Как зовут-то коня, спрашиваю. Демон, говорят. Да уж, Демон! Тощий, грязный, безразличный Демон!
Женя, ты меня знаешь, я за такие сомнительные сделки не берусь. А тут вдруг шевельнулось что-то внутри похожее на жалось. И к коню, и к воробьям этим двум. А тат еще Алена вышла, да сена коню вынесла. А он уткнулся и ест, всасывает просто, не жует даже. И, знаешь, оставил я их на конюшне, даже постой разрешил после зарплаты оплатить. Не столько из-за жалости к этой троице, сколько из-за удивления моего, что на такие чувства я еще способен и ностальгии по оным. Для себя их, в общем, оставил. А из документов на коня только выписка с мясокомбината: цыгана девчонка так и не уговорила. Я мясокомбината выкупали.
Опыта у коневладении у них нуль без палочки. Честный такой абсолютный нуль. Про лошадей только из фильмов про индейцев знают. Как спросишь чего резко, так нахохлятся и стоят. Воробьи. Зато слушают. И рану коню засыпали, не почуял он. Накостник там, кстати, вырос. Но коню не мешает. Даже не хромает сейчас.
А с зарплаты они мне на два месяца оплатили. Этот и следующий. А у коня из амуниции только этот недоуздок. А его после кастрации шагать. Ну шагали-то они его на этой же веревочке. Каждый день на велосипедах после работы к нему приезжали. А потом рысью его надо было двигать. Минут по пятнадцать. Так сначала парень с конем пять минут рядышком бежит, потом девчонка пять минут, потом опять парень. Так и бегали пятиминутками. А денег нуль совсем. А они ездить не умеют.
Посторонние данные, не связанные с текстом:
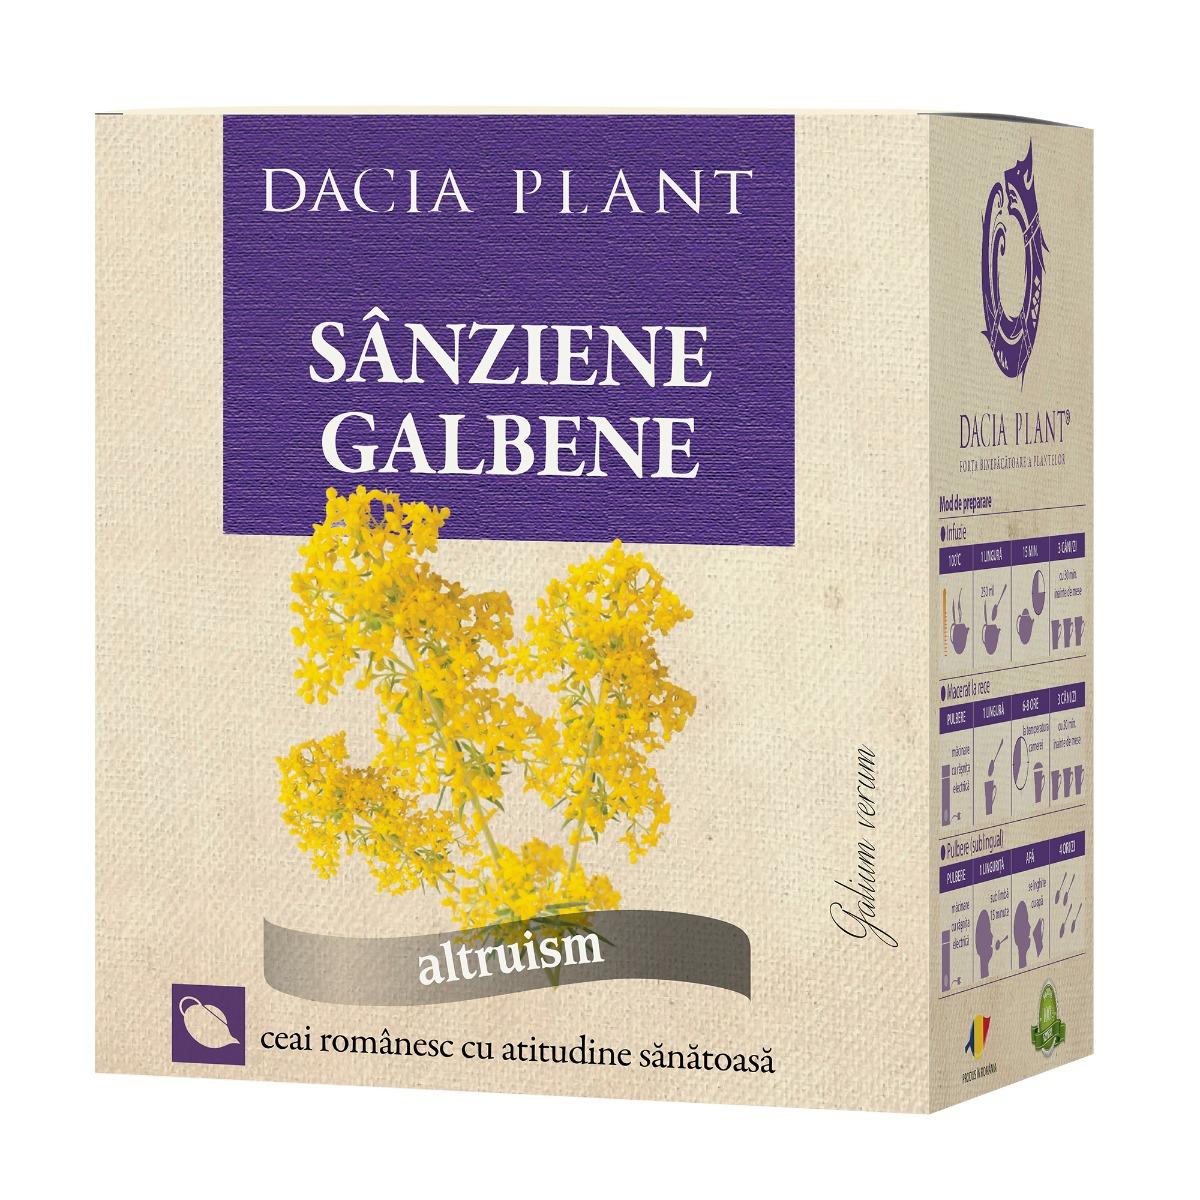 Ceai de sanziene galbene, 50g, Dacia Plant drmax.ro

Сейчас-то там и не на чем, но потом работать коня надо будет.
И вот знаешь, Женя, все в угоду тому же чувству, решил их на своих конях ездить научить. У парня быстро стало получаться, у девчонки медленней, но радостней. Она как в первый раз с галопа не сковырнулась, так ко мне после тренировки целоваться побежала. А парень на лошади губы подожмет, в глазах решимость как можно быстрей науку постичь: обязанным мне быть не хотел. А я смотрю на них, и так благостно у меня на душе становится, что понимаю, что чувство мое к воробьям этим дорогого стоит.
А конь отъелся, поздоровел. Рыжий он оказался. Золотисто-рыжий. Ну ни дать, ни взять дончак.
И с каждой зарплаты они ему что-то новенькое покупали. То подкормки, то седло, то щеточки, то уздечку. Постой больше в долг не брали. Наоборот, чуть раньше времени оплачивали.
А на коня я первый сел. Горяч оказался. Крепко меня проверил. Но, проверив, пошел, уступил. Хорош малый, сказочно хорош!
И парны своего, воробья, проверил крепко. Тот тоже усидел, конь его зауважал. А вот девчонка вылетела. Но тут же на него опять села. И опять вылетела. Они так минут сорок в парашютики играли. Она на него, он скинул. У нее слезы катятся, она их не вытирает даже. Только шепчет: «Димочка, дорогой!» А он прыг-скок и на земле девчонка. А потом вдруг голову опустил, зажевал… Она влезла на него и он ее повез. Будто кляча-клячей. И аккуратно так, как хрусталь. Нас-то с парнем он не раз еще на вшивость проверял. А ее вот не разу. Видать, лимит полетов с него она исчерпала. Не знаю даже.
Парень сецчас на нем прыгает. До 80 уже добрались. Девчонка пока выше 60 боится. Но растолстел он, обнаглел. Только нас троих и признает, больше никого.
А еще я предложил им кровь во ВНИИК сдать, чтоб породу проверить. Они долго отнекивались, мол, будь он ослом, мы все равно его любим! А потом сдали все же. Эх, прав оказался я, не подвели глазки. Дончак этот Демон, при чем хороших кровей дончак.
А Пегаса твоего продали, кстати. Даже не знаю кому, меня на конюшне не было. Алена говорит, что приехали, посмотрели, погрузили и отчалили. А на вопросы ей и не ответили. Конь продан и все тут!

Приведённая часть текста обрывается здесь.